▸ **Data section**
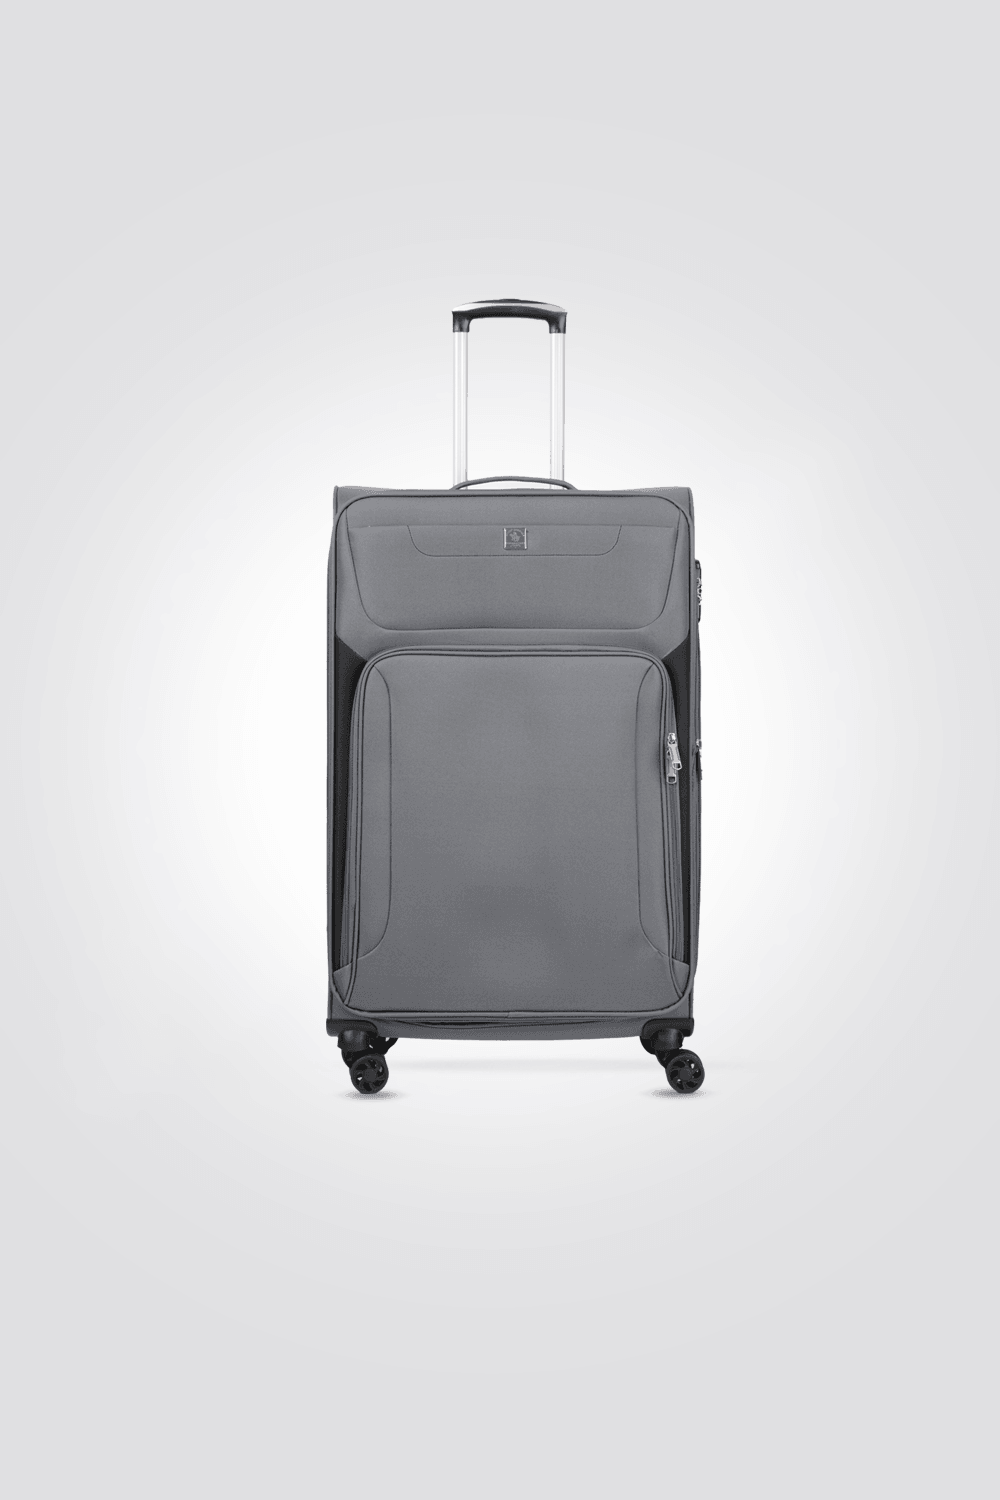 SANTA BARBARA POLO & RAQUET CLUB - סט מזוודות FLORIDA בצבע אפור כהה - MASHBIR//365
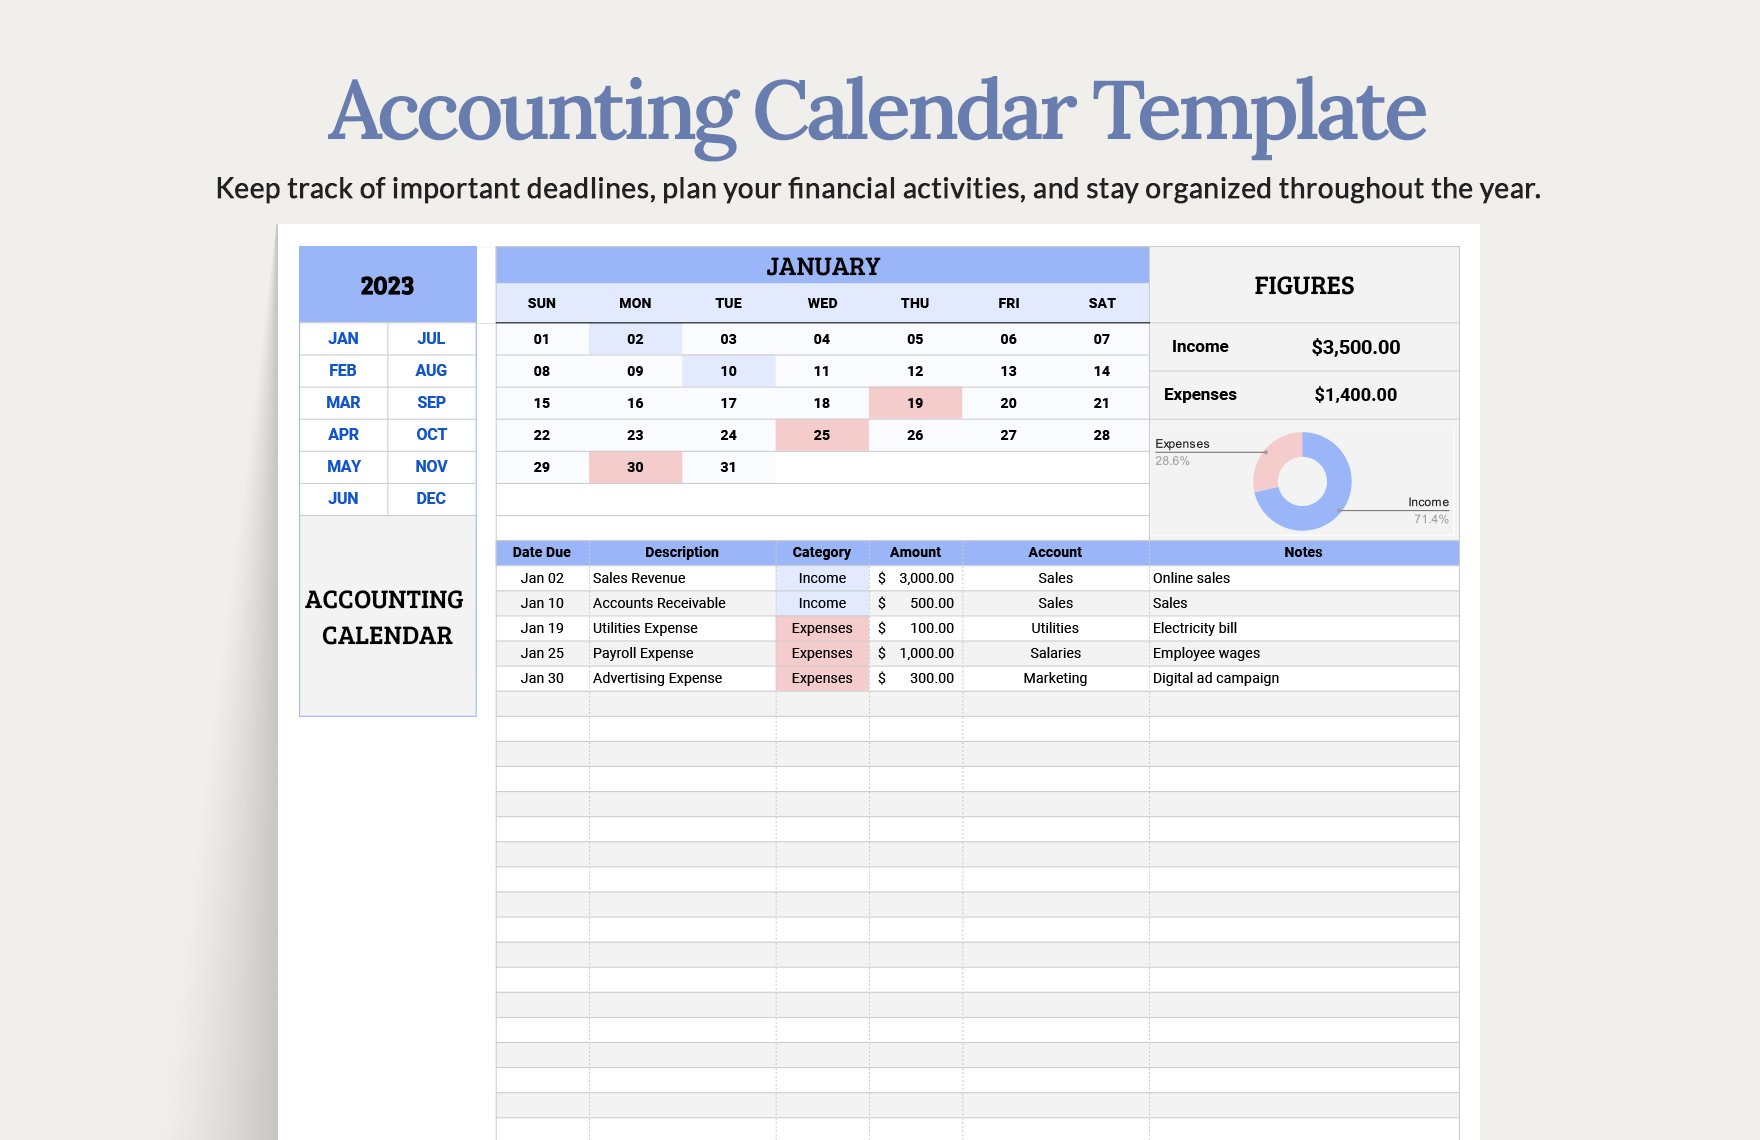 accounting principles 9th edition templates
* * *
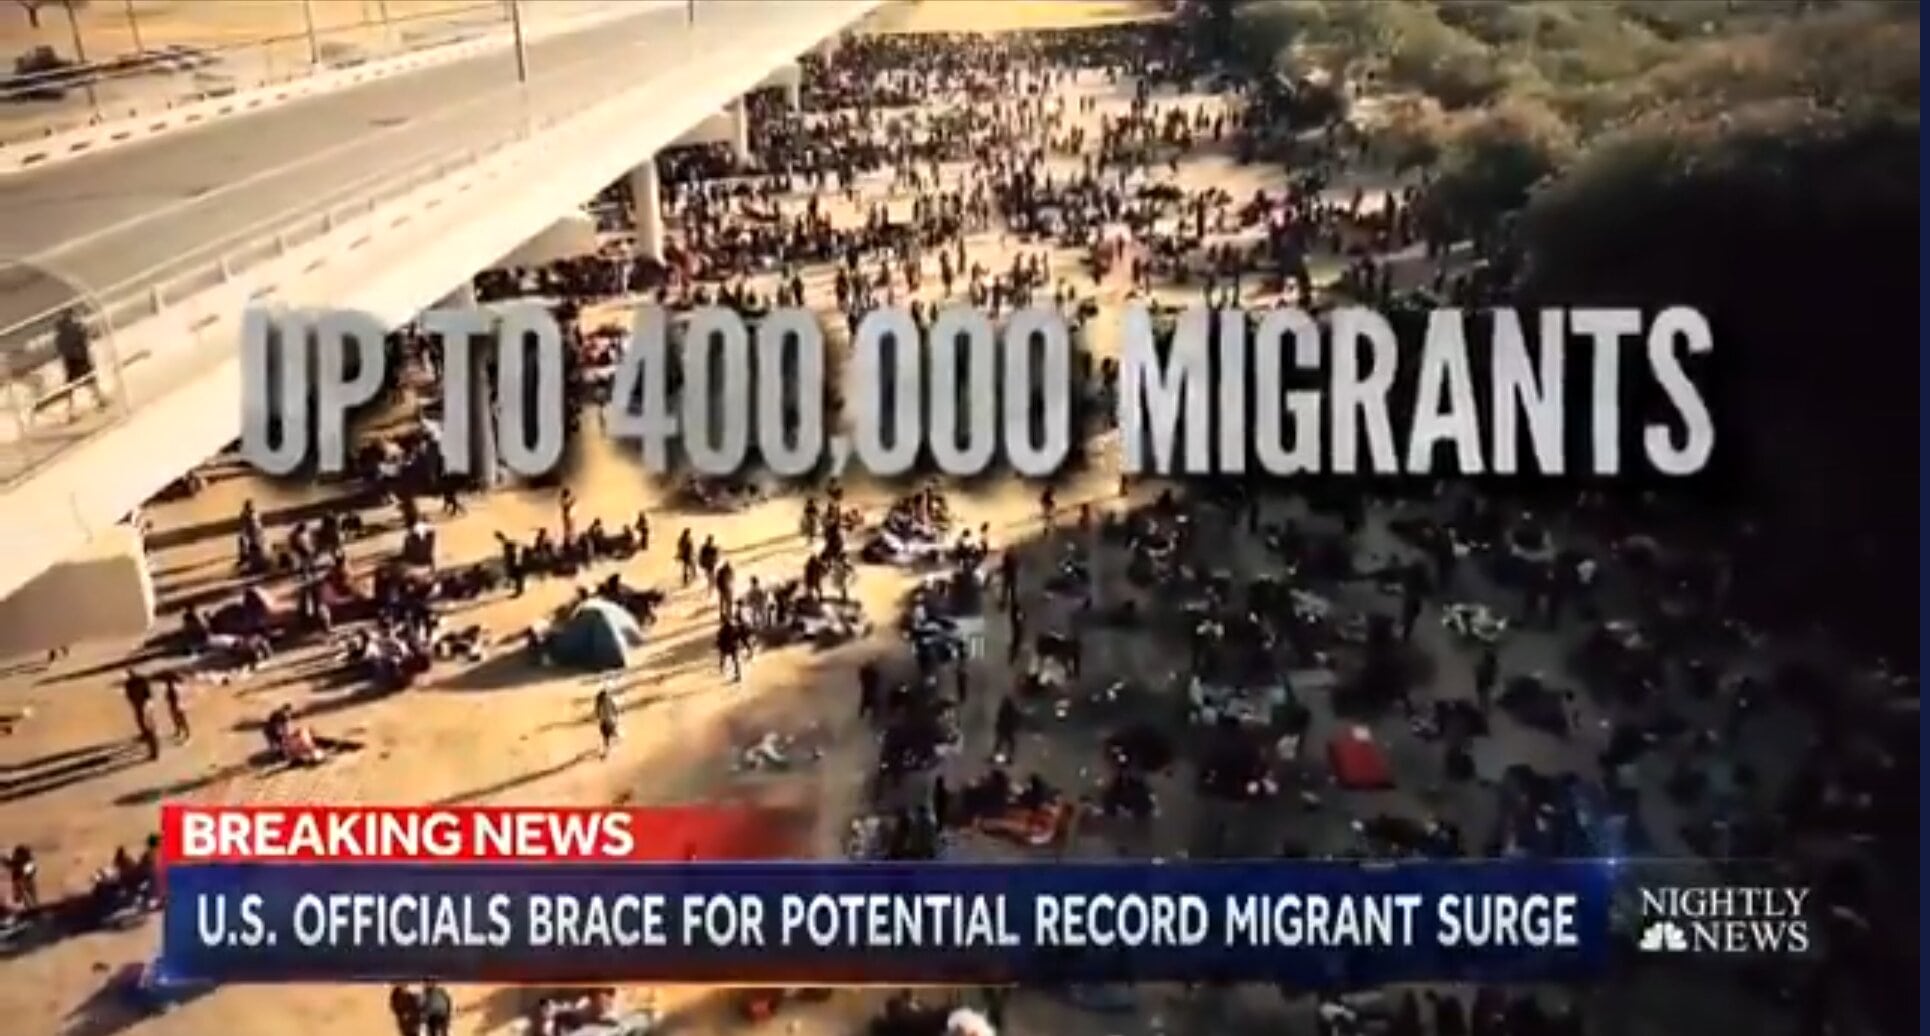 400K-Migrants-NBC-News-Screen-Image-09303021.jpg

▸ **Task objective**
From the records above, copy only the lines running from the line containing "SANTA BARBARA POLO" to the line containing "accounting principles 9th edition templates", both ends included. Leave the pictures out.

▸ **Exercise solution**
 SANTA BARBARA POLO & RAQUET CLUB - סט מזוודות FLORIDA בצבע אפור כהה - MASHBIR//365
 accounting principles 9th edition templates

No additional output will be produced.